President Trump repeatedly criticized Warsh’s predecessor, Jerome Powell, for not reducing interest rates more quickly. Do investors expect that Warsh will move to slash rates immediately? I don’t think so.

The Federal Reserve Bank of Atlanta maintains a website that estimates the probability of a rate cut based on option prices on the Chicago Mercantile Exchange. This online tracker has shown a declining market probability of lower rates in recent months, even with Warsh’s confirmation hearings. Investors aren’t looking for a rate hike, though. While the Atlanta Fed’s website shows a slight uptick in the probability of a 25-basis-point rate increase, the market-implied probability is only around 6%.

So what are investors hoping to hear from Warsh in his first press conference as Fed chair? A message of stability, albeit one delivered with a different tone than in the past.

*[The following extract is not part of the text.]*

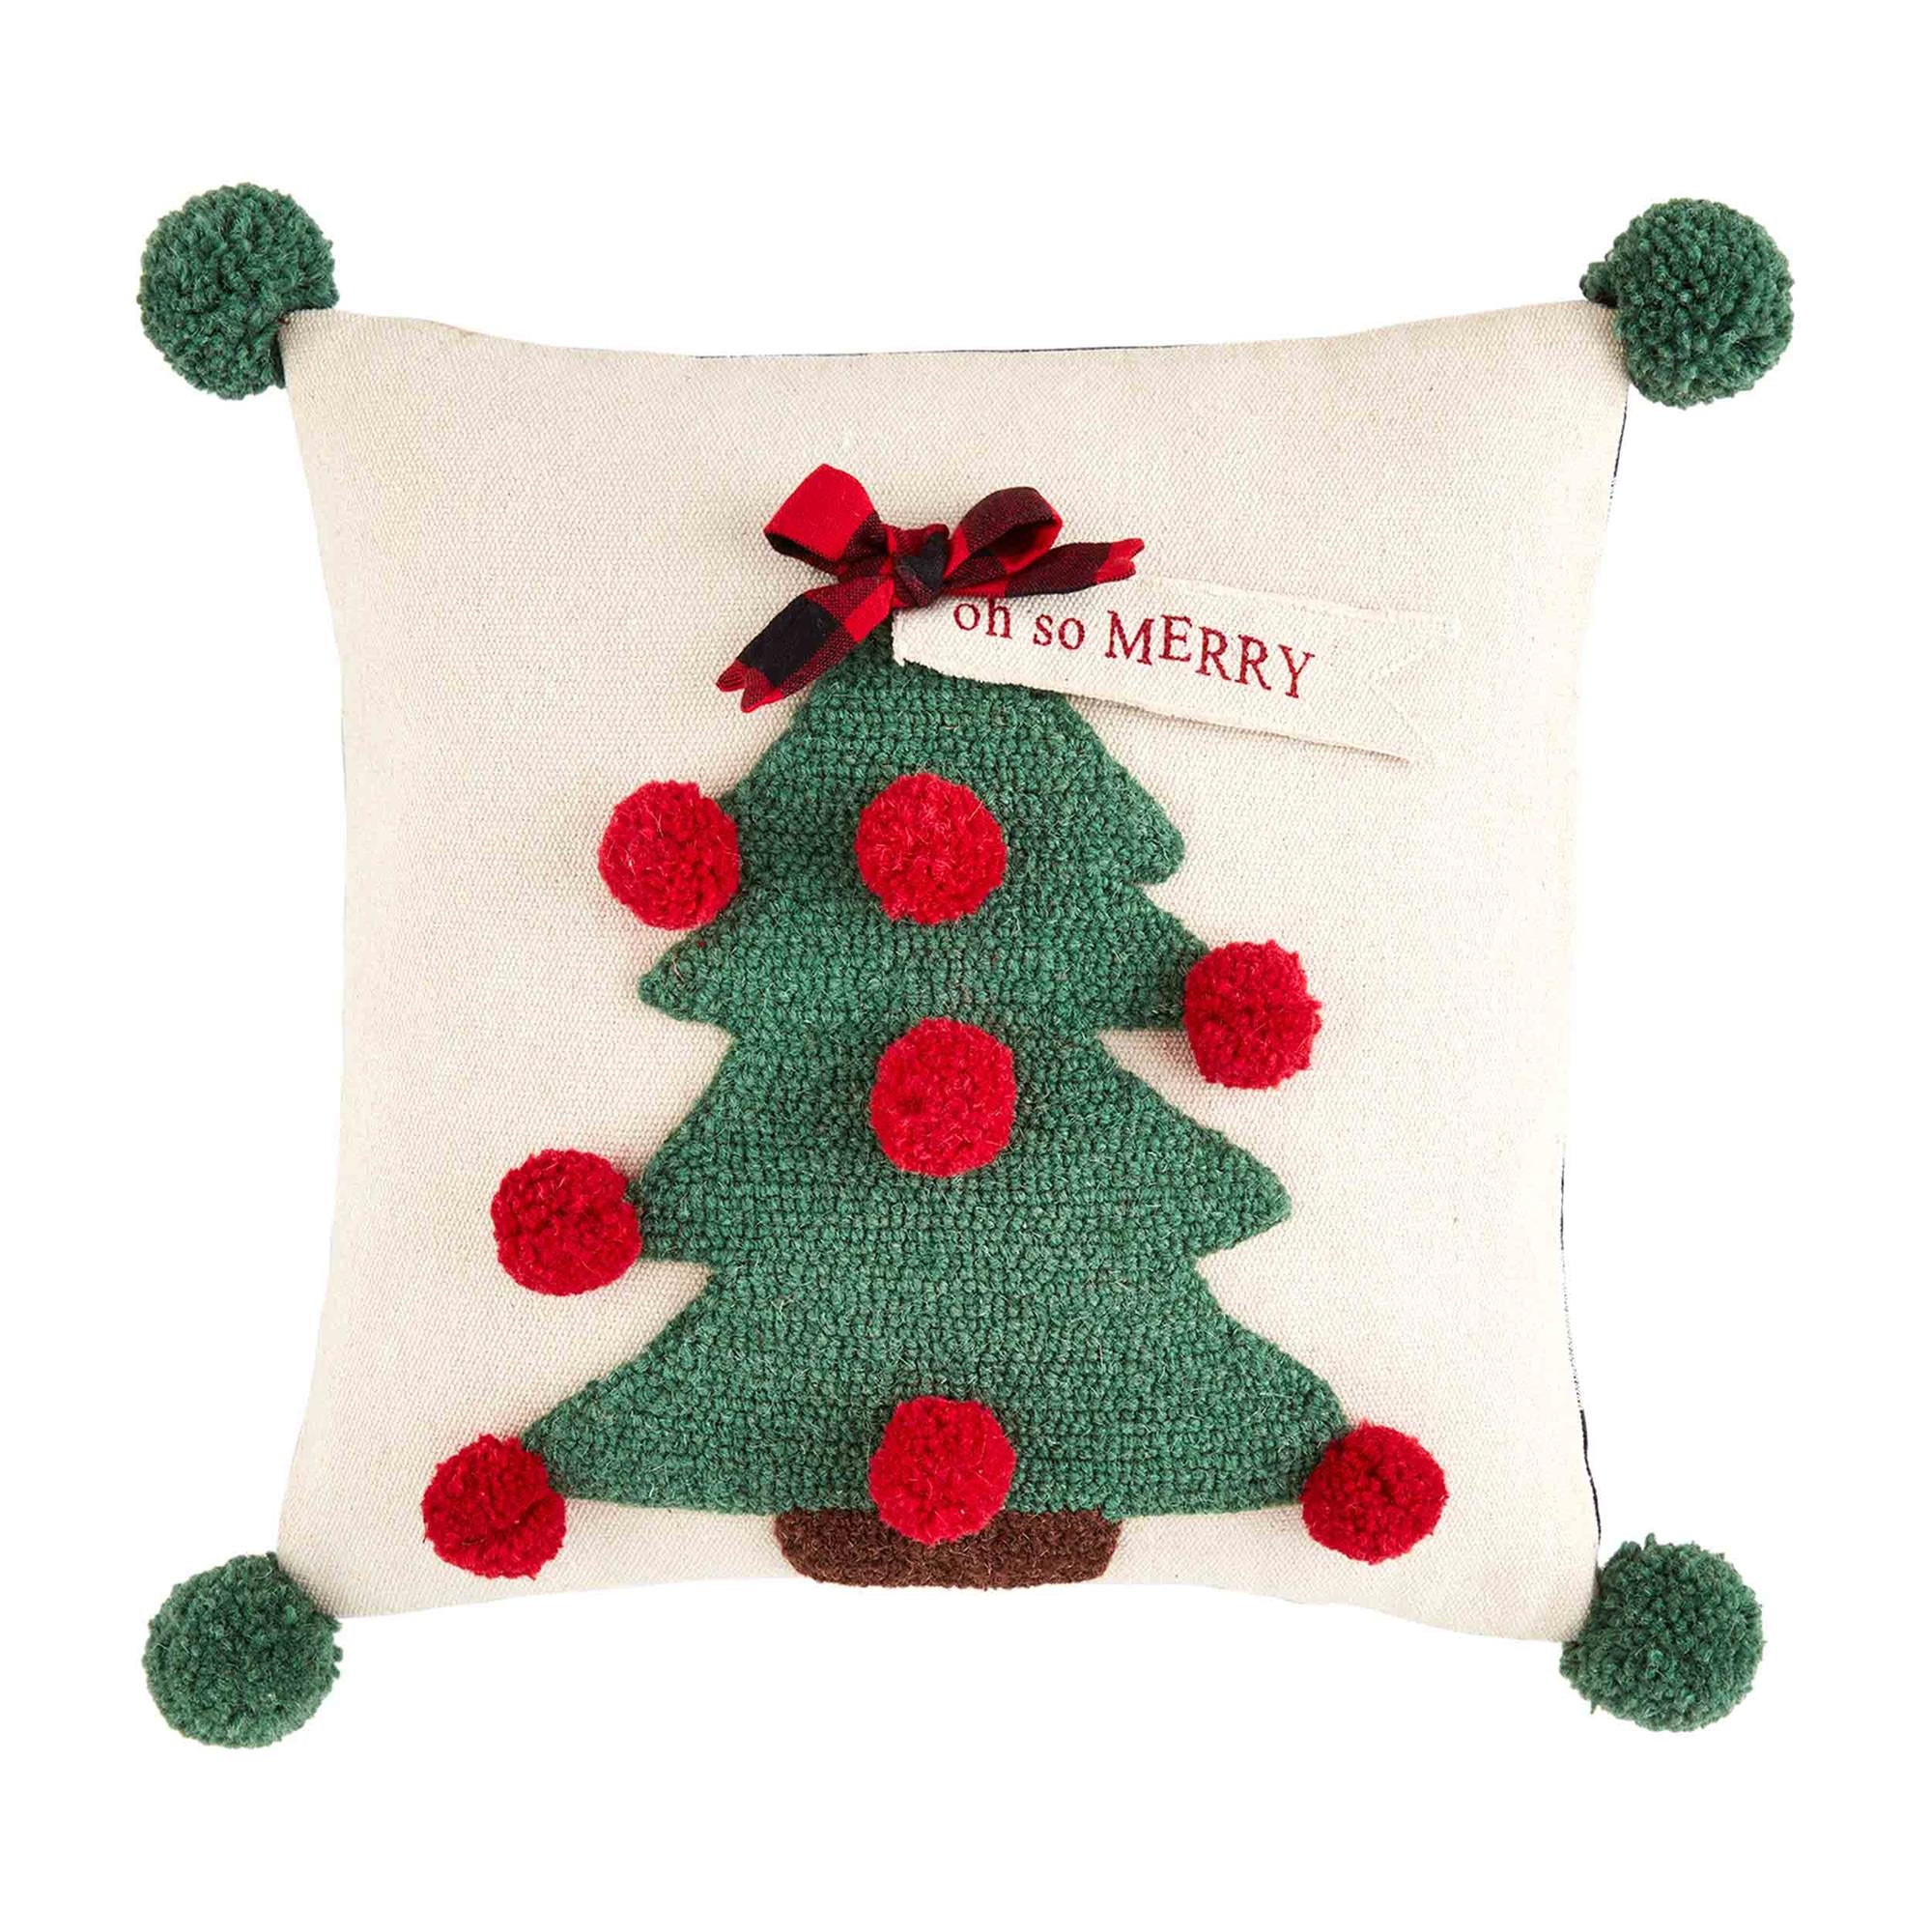 Oh So Merry Hook Check Pillow

To be sure, Warsh has different ideas about how the Fed should operate than Powell and other Fed chairs have had. Investors would be fooling themselves if they thought that Warsh should bring a high level of continuity.

However, the fact that the stock market is trading near record highs suggests that no sudden Fed rate hikes are expected. Investors seem to be looking for any changes Warsh attempts to introduce to be gradual, not ones that rock the boat too much.

Potential Warsh wild cards

The market’s hopes that Warsh will be a steady hand at the wheel could be dashed. After all, we’re talking about a man who has publicly called for “regime change” at the central bank.